I personally could care less what they give me to clip onto my jacket..


----------



## bvibert (Mar 6, 2006)

I don't buy the whole less lost tickets thing.  Its a lot harder to rip the old style tickets off then it is to tear the new ones right of the platic tie, unless you're layering multiple tickets then they don't stick as well..  The new ones are easier to put on though...


----------



## BeanoNYC (Mar 6, 2006)

These tickets come with an attached receipt that tears off.  If you tear the receipt off and save it, you will get another ticket if the main ticket is lost.  It's a lot easier to put on and as I said before, those plastic wickets are great for zippering with gloves on so I I tear the ticket off but leave the plastic tie.


----------



## bvibert (Mar 6, 2006)

BeanoNYC said:
			
		

> These tickets come with an attached receipt that tears off.  If you tear the receipt off and save it, you will get another ticket if the main ticket is lost.  It's a lot easier to put on and as I said before, those plastic wickets are great for zippering with gloves on so I I tear the ticket off but leave the plastic tie.


Yeah, the receipt is a good thing.  I put the ticket on the lower zipper because I don't like it flapping in my face so I can't comment on the ease of zippering, but it sounds reasonable.

FYI, if it gets cold enough those plastic ties have been known to get brittle and break off.  I haven't seen it this year, but it did happen at my local mountain last year.


----------



## thetrailboss (Mar 6, 2006)

I know Burke just went to it and a lot of my friends are wary of it.  Personally, I really don't care.  The metal wickets are tougher to break off when you are done.


----------



## MikeTrainor (Mar 6, 2006)

Although I have never been to a Mtn.

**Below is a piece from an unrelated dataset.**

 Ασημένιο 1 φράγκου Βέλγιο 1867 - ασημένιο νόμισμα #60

That has plastic lift tickets, I have seen them. Looks like they might flap around a bit more. I would kind of like Mtn's to stick to the metal lift tickets though.


----------



## BeanoNYC (Mar 6, 2006)

bvibert said:
			
		

> I put the ticket on the lower zipper because I don't like it flapping in my face so I can't comment on the ease of zippering, but it sounds reasonable.
> 
> FYI, if it gets cold enough those plastic ties have been known to get brittle and break off.  I haven't seen it this year, but it did happen at my local mountain last year.

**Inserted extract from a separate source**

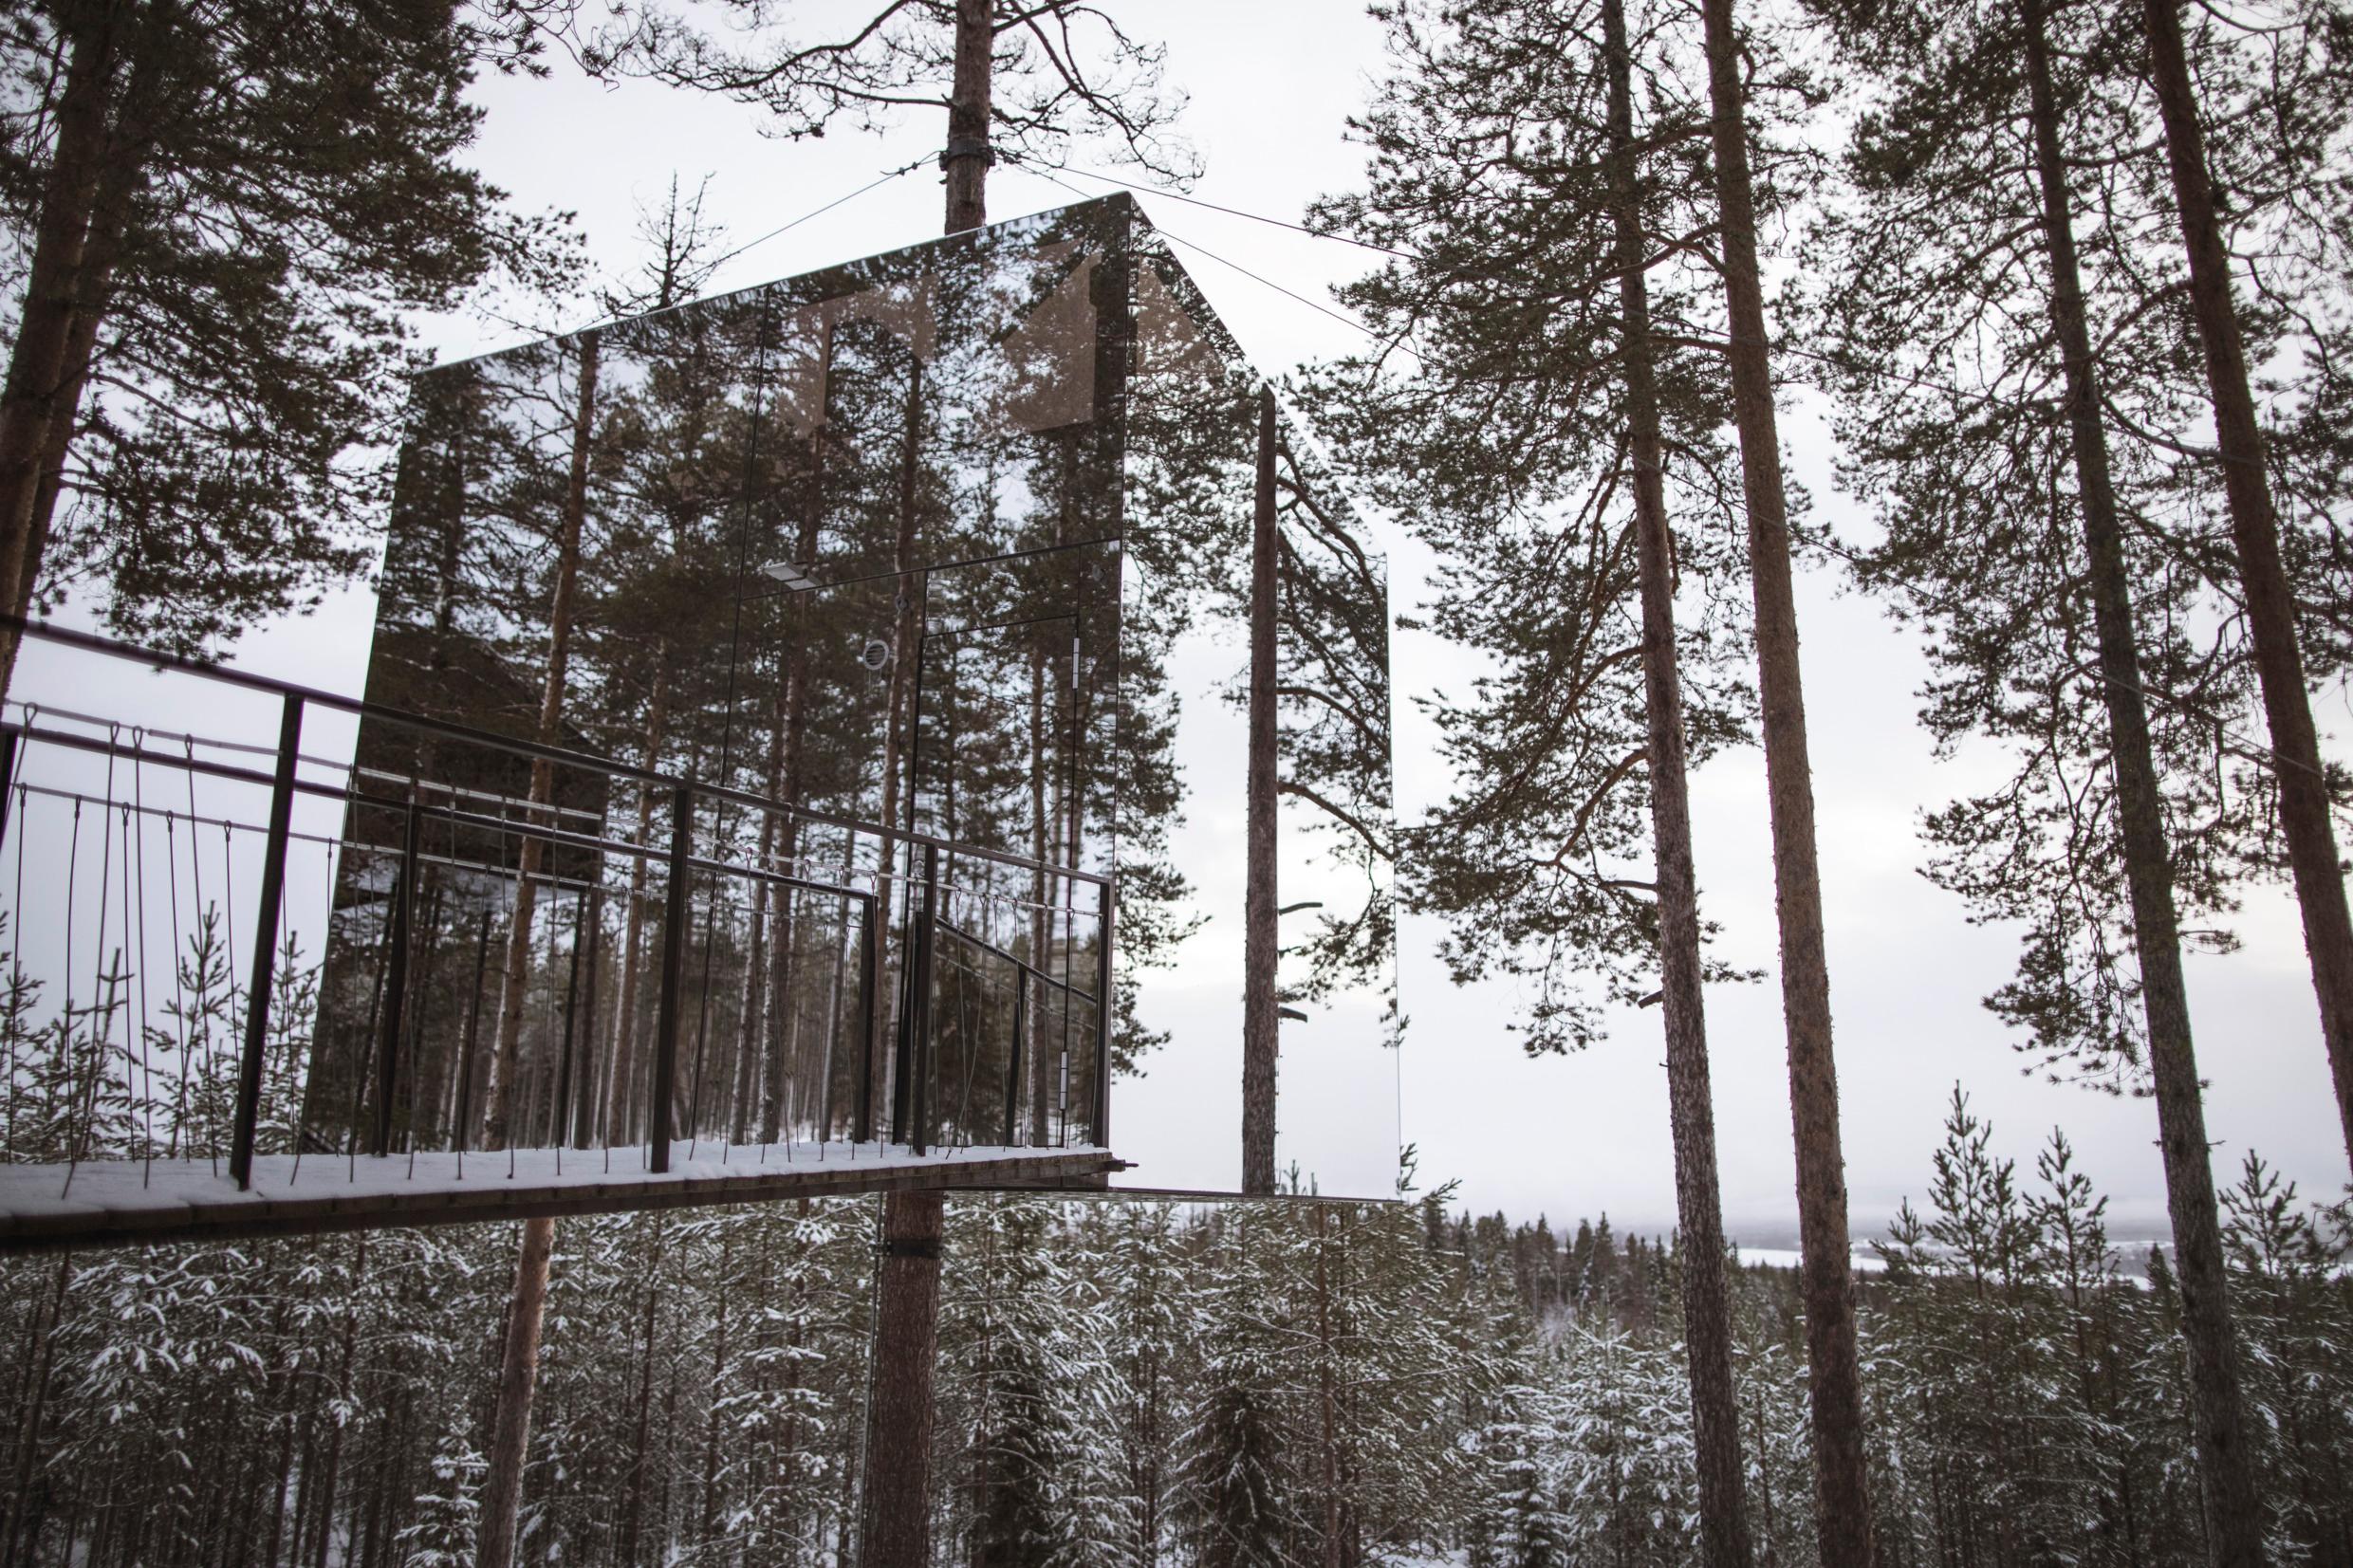 Дом на дереве из зеркального стекла, в заснеженном лесу в шведской Лапландии.

I agree on the flapping in the face, that's why the "main" zipper is the only one without the plastic tie.  It's on all other zippers, though.  I can see the ties breaking in cold weather.


----------



## dmc (Mar 6, 2006)

BeanoNYC said:
			
		

> I agree on the flapping in the face, that's why the "main" zipper is the only one without the plastic tie.  It's on all other zippers, though.  I can see the ties breaking in cold weather.

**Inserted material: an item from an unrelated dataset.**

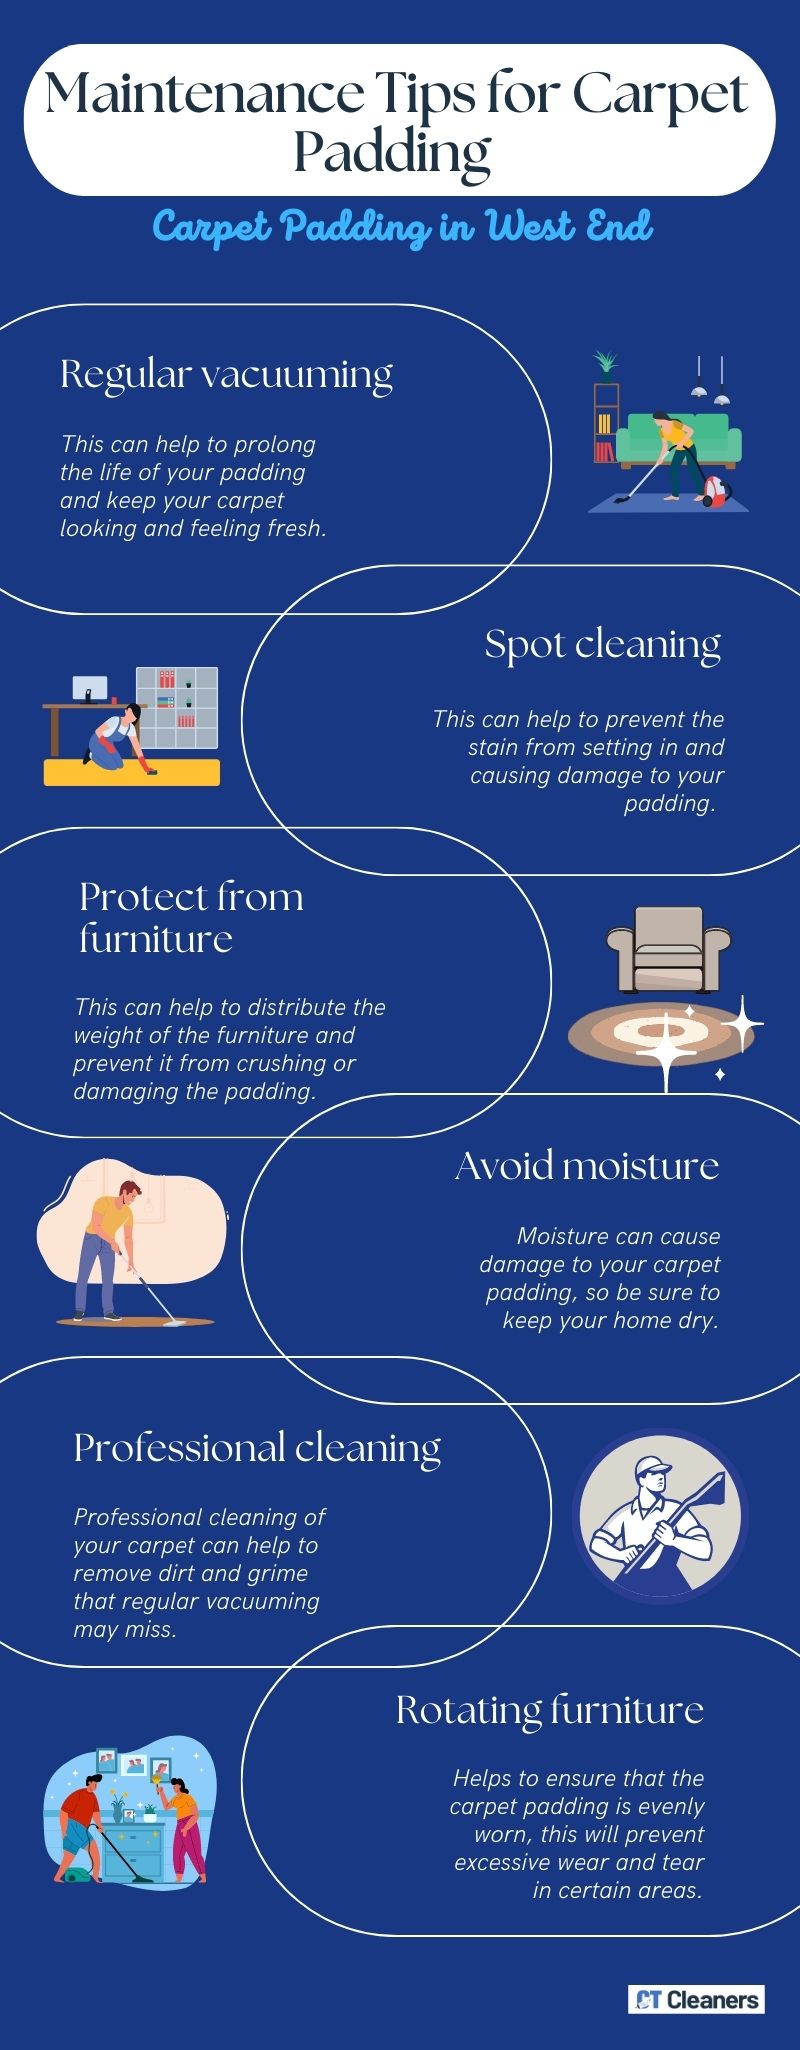 Maintenance Tips for Carpet Padding

I've heard of people cutting up thier faces on cold days from tickets whipping them in the face..
Funniest thing I ever saw was two guys - one with a ticket through his lower lip piercing and one with the ticket through his earlobe...  Ski patrol stopped them at the lift..


----------



## SKIQUATTRO (Mar 6, 2006)

never understood why people put the ticket on the main zipper so it flapps in your face...i put mine on the side pocket zipper on my pants...or at the very least on the side zipper of the jacket..


----------



## bvibert (Mar 6, 2006)

My jacket has a double zipper so I put day passes on the lower zipper.  That way I don't need to remember what side I put it on, and it doesn't get in the way when I need to use my pockets.  For my season pass I hang it on a piece of string from a loop on my snow pants so that it hangs just below my jacket.


----------



## ctenidae (Mar 6, 2006)

I usually attach them to the chest pocket zipper, so I can tuck the ticket away when not in line. I do find that the plastic wickets are easier to tuck away adn pull out, but I always worry I'm going to rip it apart.


----------



## hammer (Mar 6, 2006)

My jacket has a little tab on the lower left side that the metal wickets fit into just fine, but the plastic ones do not...so I'm not too crazy about the plastic ones.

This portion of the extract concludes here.